Le jeune homme fut submergé par le soulagement lorsqu’il atteint la porte de ses appartements. Auparavant, ils étaient occupés par Victoria qui venait de démissionner pour des problèmes de santé, mais aussi pour profiter de ses enfants qui souffraient eux aussi de la maladie, comme Cassandra. Il verrouilla la porte sans trop savoir pourquoi. Cela ne l’embêtait pas d’être dérangé pourtant. Il soupira et se passa une main dans ses cheveux en se souvenant que son portable était posé sur la table de chevet. Lorsqu’il franchit les portes de sa chambre et qu’il avança de quelques pas, des bras vinrent le serrer contre un autre corps. Un sourire se dessina sur le visage du jeune homme qui se retourna pour voir Fred.

— Tu squattes encore ma chambre on dirait bien, murmura le plus jeune homme en encadrant le visage de son petit-ami avec ses mains.

— Ce n’est pas comme si je ne recevais jamais d’invitation, déclara-t-il, front contre front. Cela a été, avec Cassandra ?

— Elle pense que cela serait mieux que moi et Liam ne venions pas et que tu prennes notre place. Elle pense que c’est mieux. Elle s’est endormie.

— Je peux prendre ta place si tu veux… même si je ne sais pas vraiment ce que je pourrais lui raconter pendant le temps où elle ne dort pas.

Kilian traçait des cercles sur les joues de Fred avec ses pouces puis se dégagea pour s’asseoir sur le lit, le tenant par une main. L’autre adolescent se laissa tomber à ses côtés. Épaule contre épaule.
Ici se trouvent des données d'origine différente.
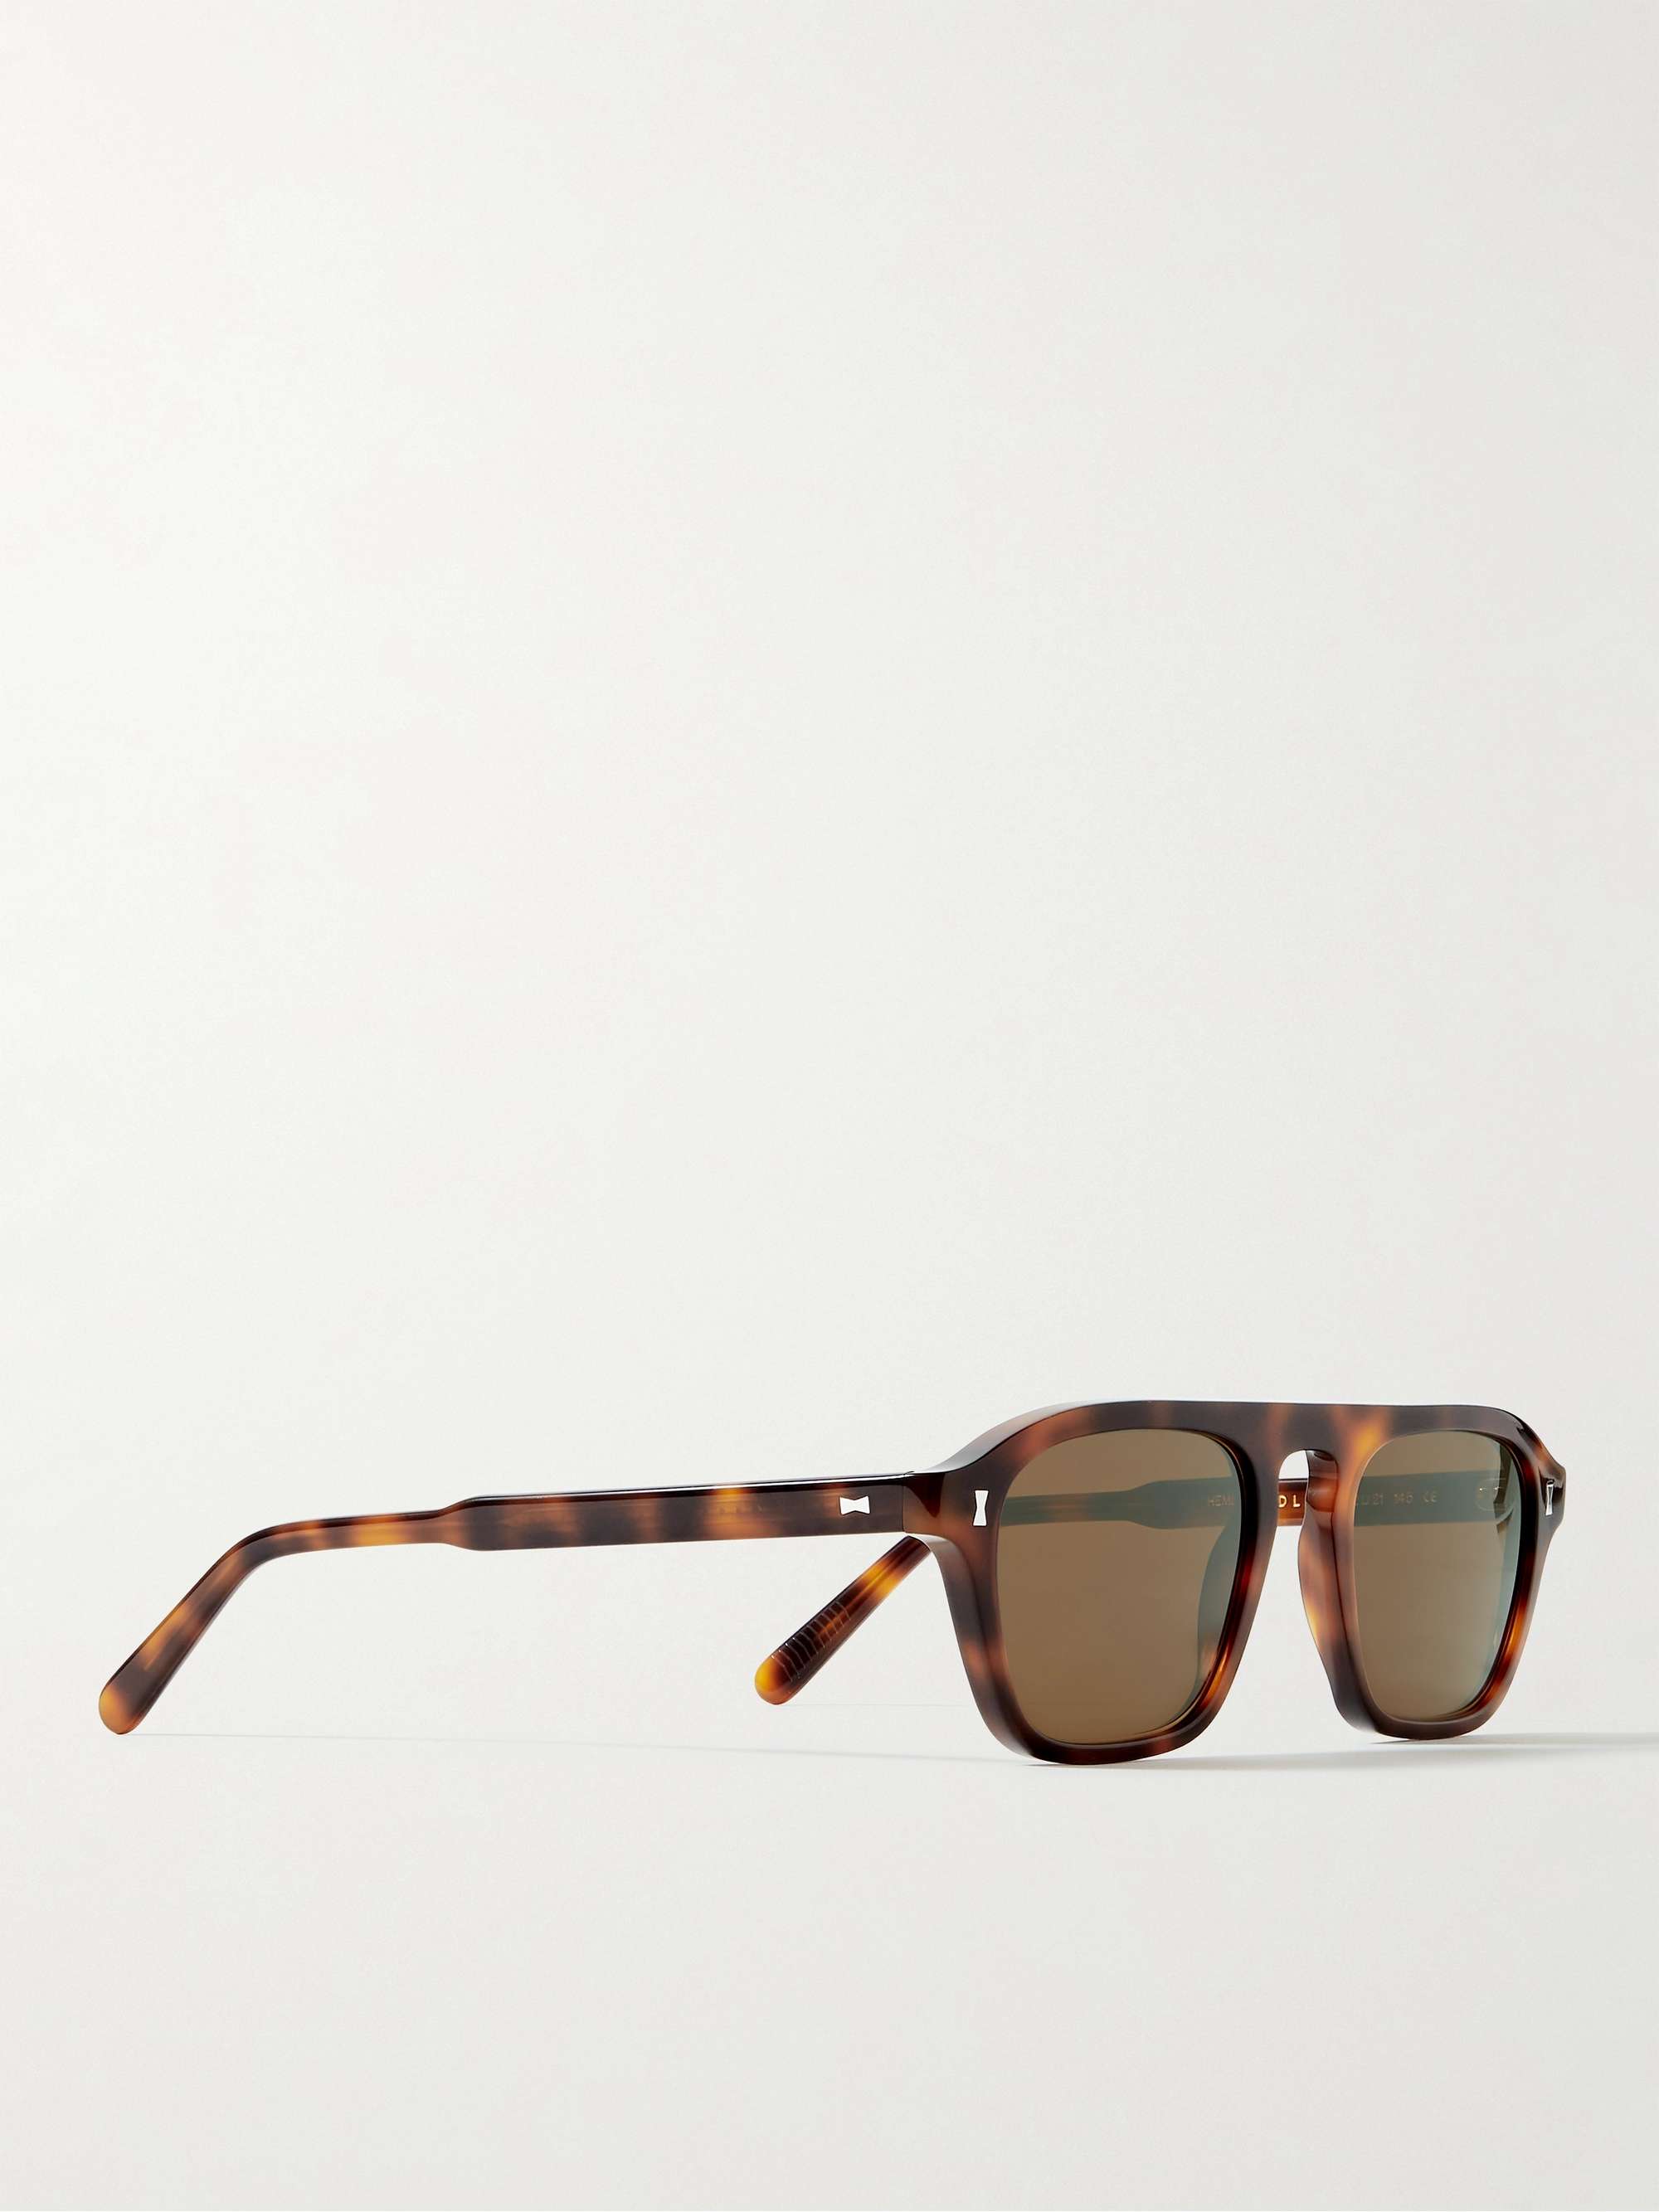 CUBITTS Hemingford Rectangular-Frame Tortoiseshell Acetate Sunglasses

Kilian posa sa tête sur celle de Fred qui commençait à enfouir ses mains dans sa chevelure blonde. Cela faisait du bien à Kilian.

— Ne t’inquiète pas. Même si elle dit cela, je sais qu’elle ne le pense pas vraiment. Elle ne veut juste pas voir qu’on a de la peine pour elle. Mais on doit être là pour la soutenir. On doit montrer que quoiqu’il arrive, elle reste notre amie.

— Alors je devrais passer la voir de temps en temps.

Kilian ne savait pas quoi répondre. Fred n’aurait pas accepté le fait qu’il lui interdise ce droit juste parce que lui, avait peur qu’il contracte la maladie. La réponse mourut sur ses lèvres qui s’enfouir dans le cou du jeune homme.

— Je sais ce que tu te dis, s’exaspéra Fred. Que je risque d’attraper la maladie, et que tu ne veux pas me voir, ni mourant, ni dépressif. Mais je te rappelle que tu cours tout autant de risque que moi. Tu n’es pas malade, Liam non plus, donc il y a peu de chances que je le sois aussi. C’est mignon d’être protecteur. Mais je suis un grand garçon.

Kilian souffla un « je sais » en fermant les yeux.

— Tu feras comme tu veux… tu sais comment tu vas t’occuper quand je ne saurais pas là ? Je veux dire, être secrétaire lors des réunions des conseillers, cela ne prendra pas une grande partie de ton temps. Qu’est-ce que tu vas faire quand je ne serais pas là ?

— Je trouverais un truc, je te le promets. Je sais que rester sans rien faire ce n’est pas forcément bon car on repense à de mauvaises choses, sauf que cela va être de plus en plus loin de moi désormais. Tout comme pour toi aussi. Mais, s’il-te-plaît Kilian, ne me demande pas d’être conseiller. Je ne veux pas.

— Avec le nombre de fois que tu m’as dit cela, je crois bien que j’avais compris. Dis-moi que tu seras là avec moi à la capitale lors de l’annonce.

— Le grand Kilian Mallow a soudainement peur de se retrouver face à une immense foule d’Opartiskain tout en étant filmé pour que l’annonce soit retransmise au peuple entier, voir, au monde entier, taquina Fred en lui ébouriffant les cheveux.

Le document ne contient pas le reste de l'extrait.